## [ACTION ITEM]
Copy exactly. Include the line containing "Aged charm meets", every line after it, and the last line below, but no pictures.

## [DATA]
--- START ---
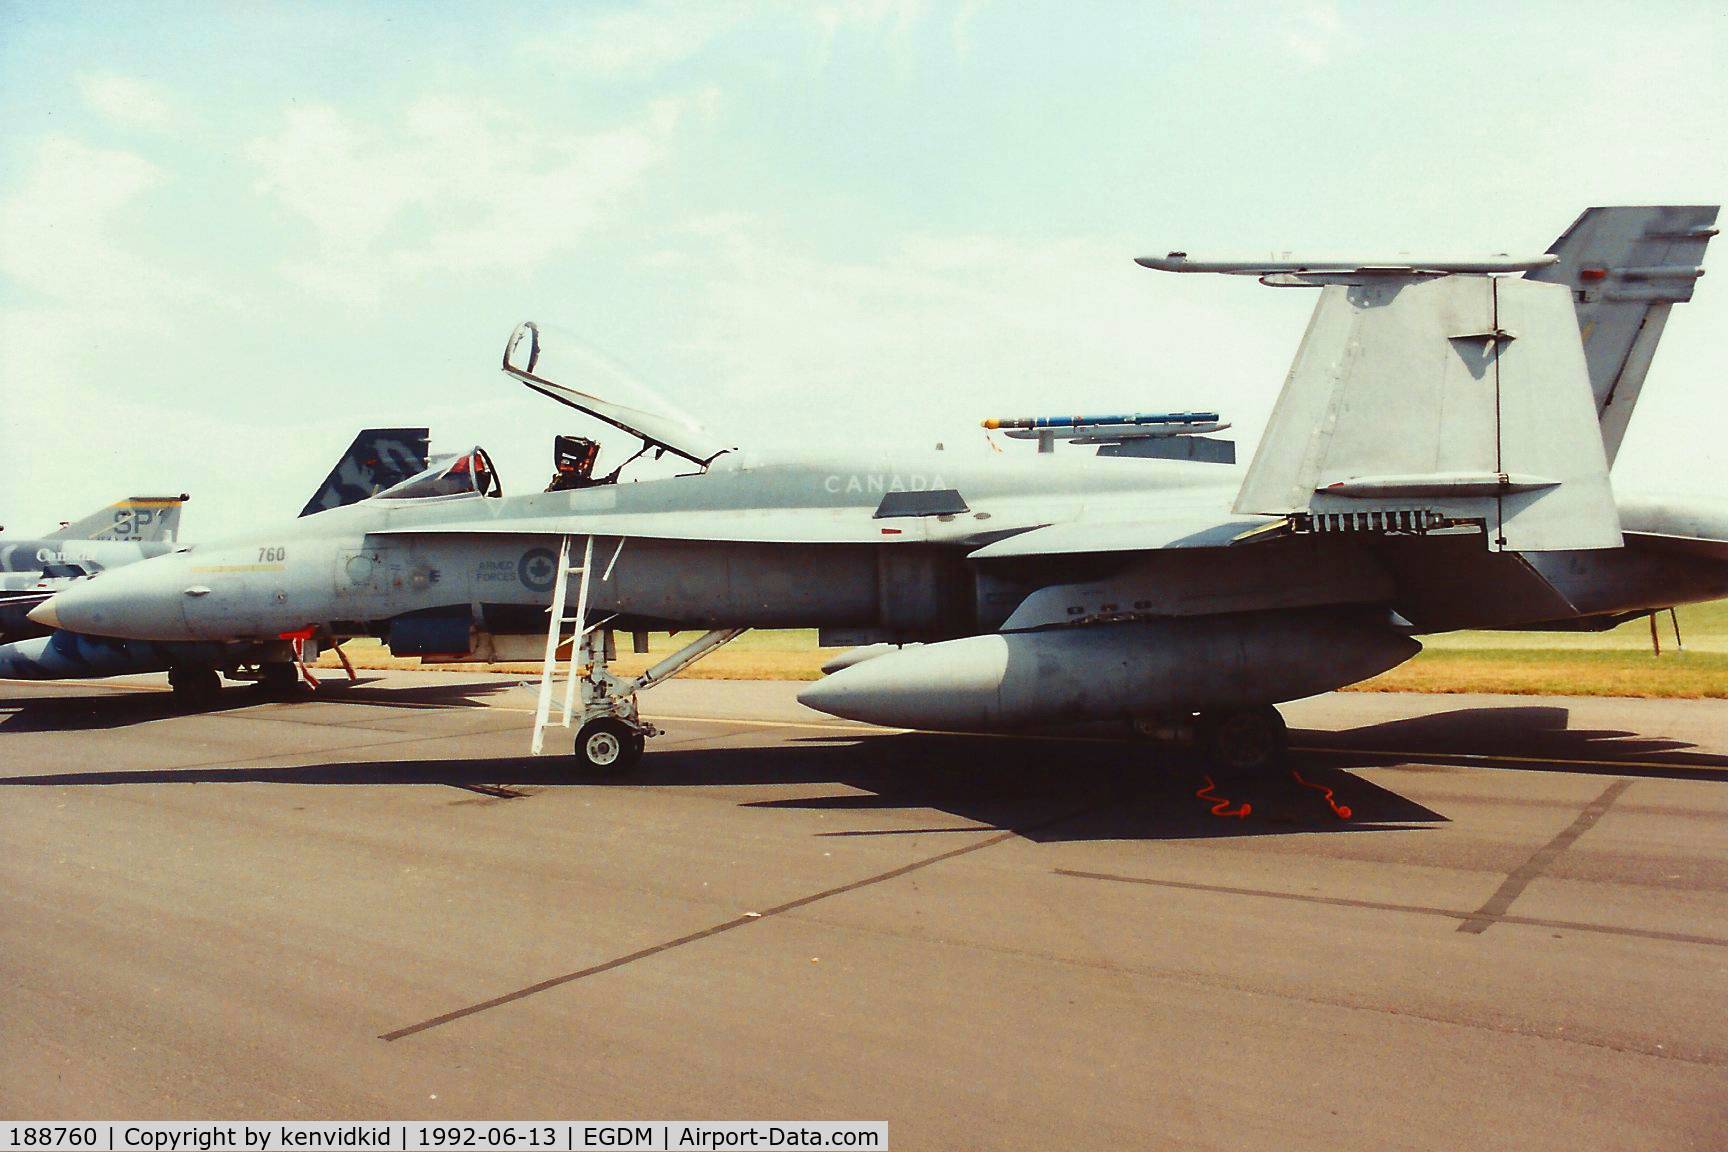 188760, 1986 McDonnell Douglas CF-188A Hornet C/N 0409/A341, At Boscombe Down, scanned from print.
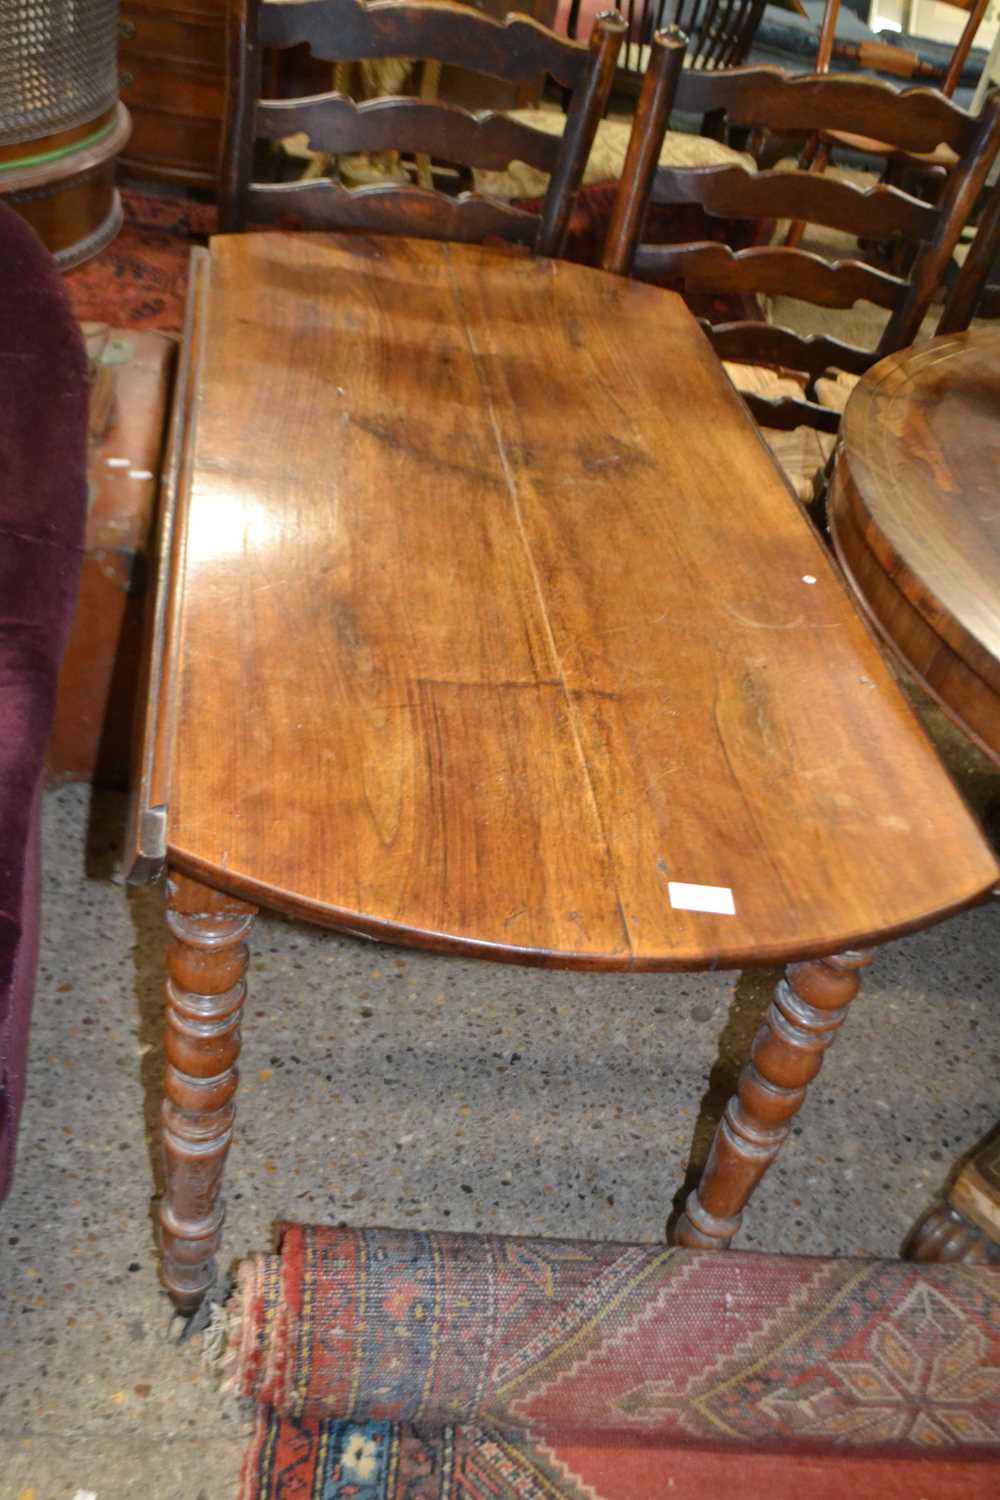 Drop leaf table with turned feet
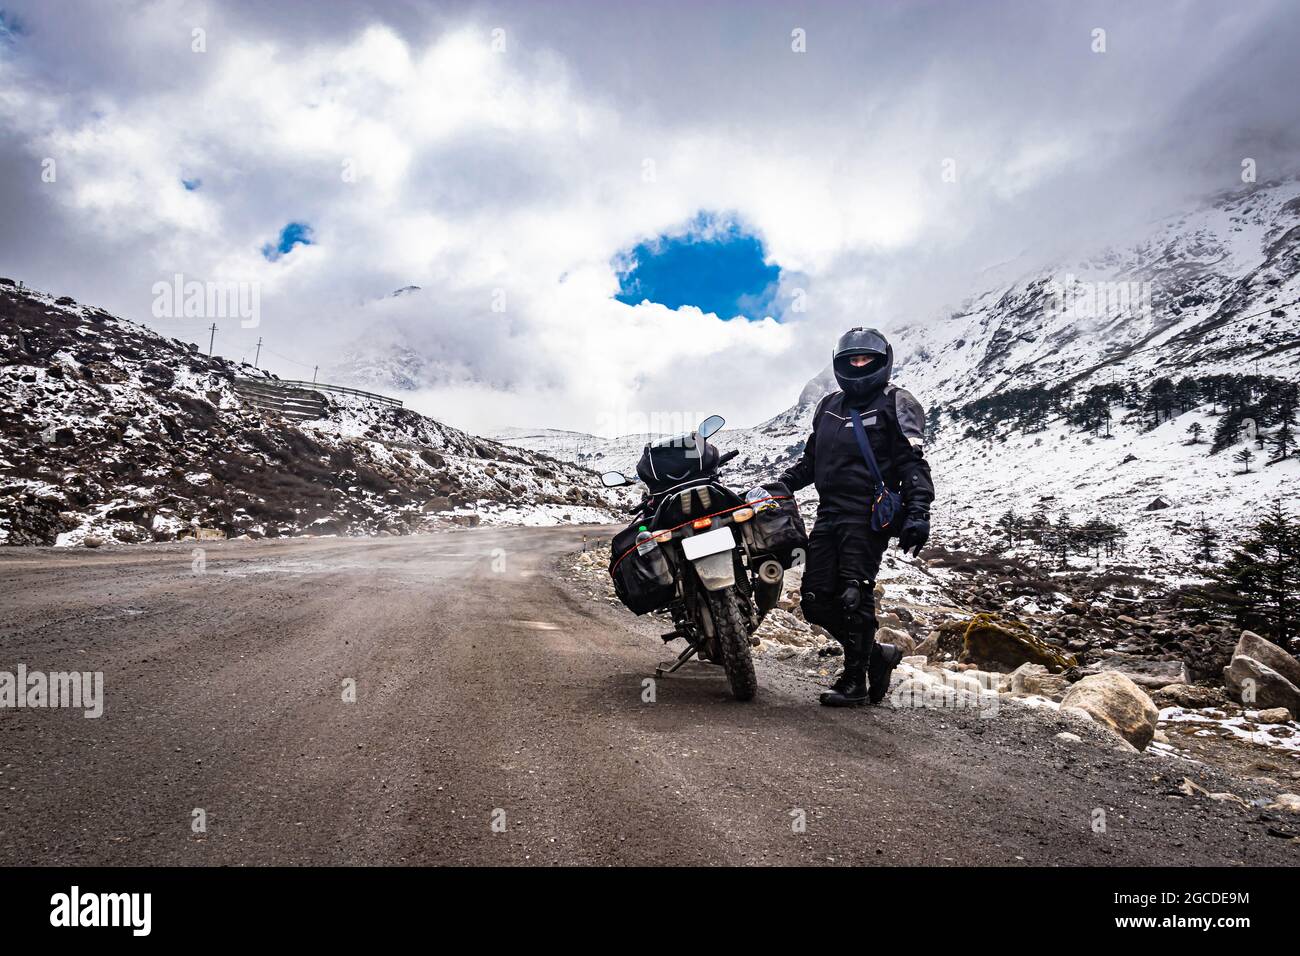 girl solo ridder in ridding gears with loaded motorcycle at isolated road and snow cap mountains image is taken at sela pass tawang arunachal pradesh. Stock Photo
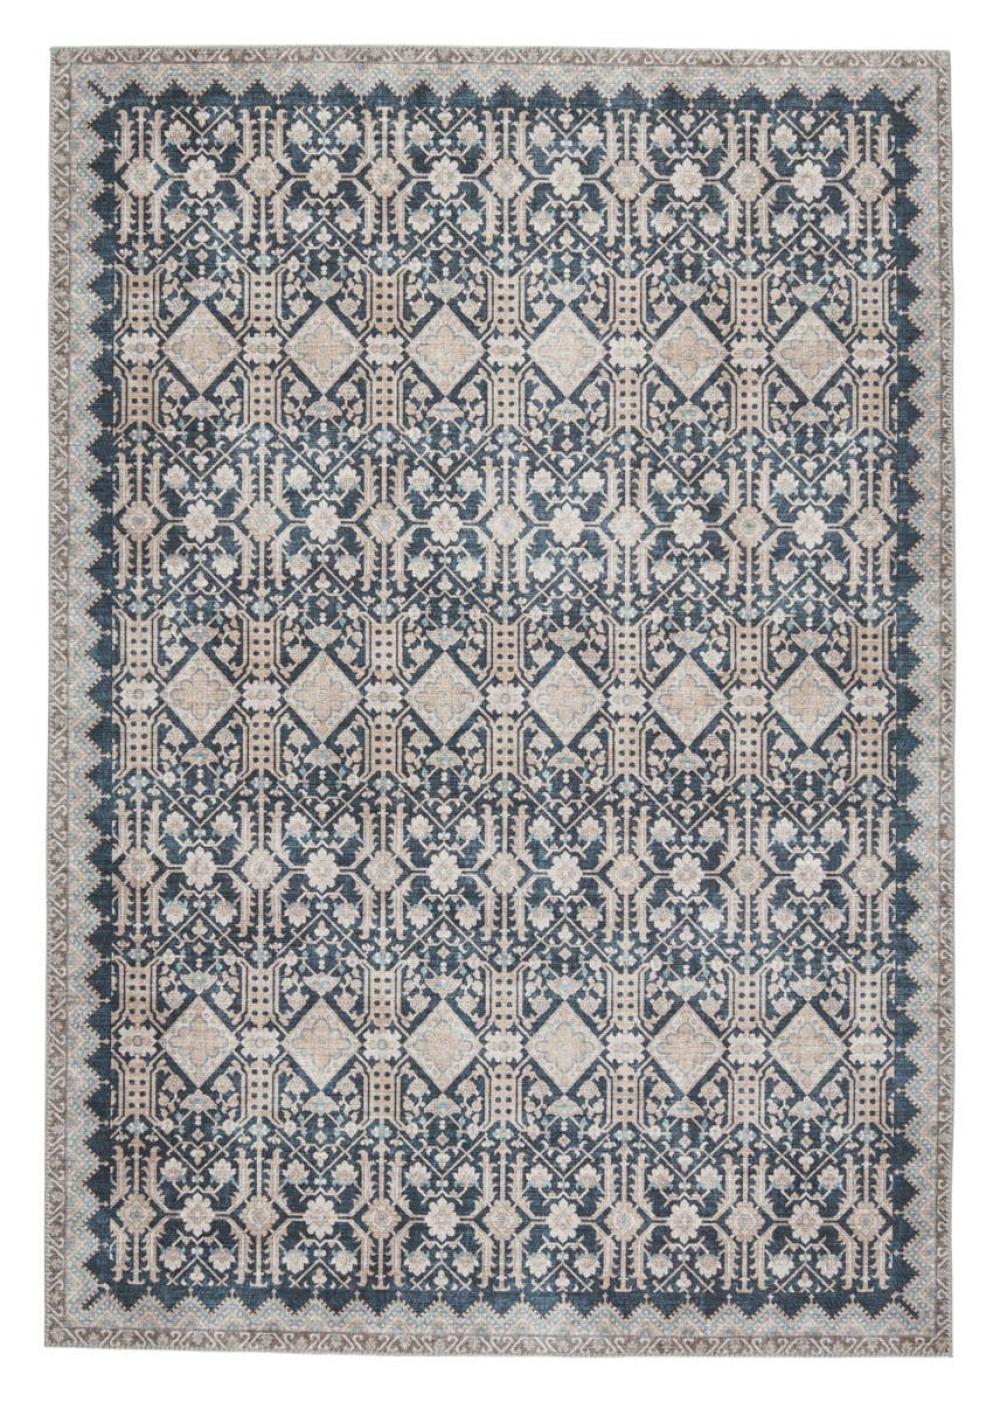 Aged charm meets contemporary chic in this blue trellis-patterned rug, perfect for elevating your space.
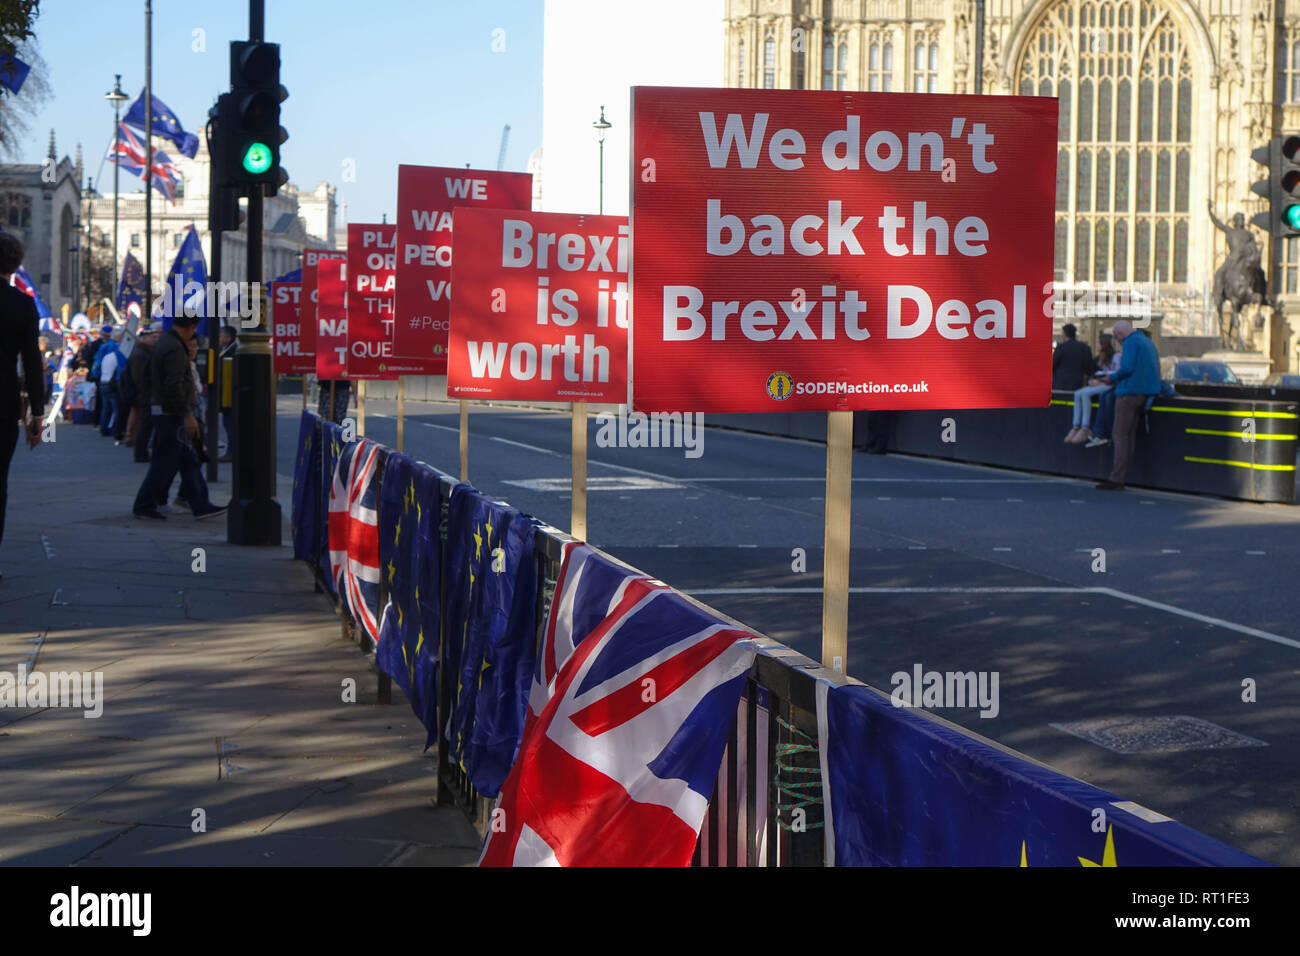 Anti-Brexit Activist demonstrate opposite Palace Of Westminster in London. Credit: Thomas Krych/Alamy Live News Stock Photo
--- END ---
## [RESPONSE AREA]
 Aged charm meets contemporary chic in this blue trellis-patterned rug, perfect for elevating your space.
 Anti-Brexit Activist demonstrate opposite Palace Of Westminster in London. Credit: Thomas Krych/Alamy Live News Stock Photo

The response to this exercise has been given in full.